Lines where the string "Wallpaper" appears are to be copied from the entries below.
--*--
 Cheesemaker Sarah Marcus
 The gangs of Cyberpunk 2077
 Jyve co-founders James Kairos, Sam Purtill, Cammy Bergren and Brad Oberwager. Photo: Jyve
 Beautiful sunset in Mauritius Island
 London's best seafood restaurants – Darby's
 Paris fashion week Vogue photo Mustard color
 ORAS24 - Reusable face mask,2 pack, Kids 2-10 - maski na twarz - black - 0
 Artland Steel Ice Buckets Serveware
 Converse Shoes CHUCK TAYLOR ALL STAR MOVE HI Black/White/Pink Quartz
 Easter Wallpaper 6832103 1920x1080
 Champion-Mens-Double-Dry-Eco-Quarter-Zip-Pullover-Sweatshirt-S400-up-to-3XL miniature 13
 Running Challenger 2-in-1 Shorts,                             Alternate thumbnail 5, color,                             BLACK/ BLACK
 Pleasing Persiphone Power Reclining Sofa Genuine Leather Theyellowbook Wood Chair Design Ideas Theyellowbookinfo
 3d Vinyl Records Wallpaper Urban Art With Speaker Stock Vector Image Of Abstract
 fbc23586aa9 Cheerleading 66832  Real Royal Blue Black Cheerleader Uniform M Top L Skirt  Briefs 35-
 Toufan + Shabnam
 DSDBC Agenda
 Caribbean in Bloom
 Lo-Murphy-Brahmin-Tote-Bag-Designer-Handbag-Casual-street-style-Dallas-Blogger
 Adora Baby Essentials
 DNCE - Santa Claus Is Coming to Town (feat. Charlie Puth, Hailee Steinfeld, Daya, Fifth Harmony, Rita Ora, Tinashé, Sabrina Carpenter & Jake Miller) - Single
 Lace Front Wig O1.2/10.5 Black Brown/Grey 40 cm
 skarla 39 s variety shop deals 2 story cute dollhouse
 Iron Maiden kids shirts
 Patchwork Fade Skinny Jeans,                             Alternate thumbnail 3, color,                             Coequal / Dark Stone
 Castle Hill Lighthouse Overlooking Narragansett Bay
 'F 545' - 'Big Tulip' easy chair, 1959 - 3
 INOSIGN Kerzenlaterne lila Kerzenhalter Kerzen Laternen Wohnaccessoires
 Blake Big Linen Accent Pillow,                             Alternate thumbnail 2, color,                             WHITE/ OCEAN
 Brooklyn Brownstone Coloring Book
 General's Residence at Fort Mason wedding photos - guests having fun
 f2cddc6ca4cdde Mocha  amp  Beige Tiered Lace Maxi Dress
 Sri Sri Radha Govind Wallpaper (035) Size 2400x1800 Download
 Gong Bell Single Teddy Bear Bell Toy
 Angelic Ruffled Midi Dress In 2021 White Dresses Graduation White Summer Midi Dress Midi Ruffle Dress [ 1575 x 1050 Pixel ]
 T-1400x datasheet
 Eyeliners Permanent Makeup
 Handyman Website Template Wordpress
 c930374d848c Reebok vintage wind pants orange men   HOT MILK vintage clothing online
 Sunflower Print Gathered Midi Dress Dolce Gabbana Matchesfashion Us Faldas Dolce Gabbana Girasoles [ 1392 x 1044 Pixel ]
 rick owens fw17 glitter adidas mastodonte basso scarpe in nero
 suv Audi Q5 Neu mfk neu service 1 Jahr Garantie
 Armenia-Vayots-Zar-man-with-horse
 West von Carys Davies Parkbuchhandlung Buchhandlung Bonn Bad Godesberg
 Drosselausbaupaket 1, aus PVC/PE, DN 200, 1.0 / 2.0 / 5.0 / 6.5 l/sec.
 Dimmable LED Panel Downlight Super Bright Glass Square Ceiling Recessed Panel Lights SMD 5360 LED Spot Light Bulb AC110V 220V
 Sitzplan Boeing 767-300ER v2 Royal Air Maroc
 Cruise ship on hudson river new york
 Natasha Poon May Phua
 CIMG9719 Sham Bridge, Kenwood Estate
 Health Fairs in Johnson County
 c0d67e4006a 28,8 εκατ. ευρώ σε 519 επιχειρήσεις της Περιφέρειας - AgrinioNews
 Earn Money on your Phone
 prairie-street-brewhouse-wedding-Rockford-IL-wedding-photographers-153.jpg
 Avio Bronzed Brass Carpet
--*--
# Completed task
 Easter Wallpaper 6832103 1920x1080
 3d Vinyl Records Wallpaper Urban Art With Speaker Stock Vector Image Of Abstract
 Sri Sri Radha Govind Wallpaper (035) Size 2400x1800 Download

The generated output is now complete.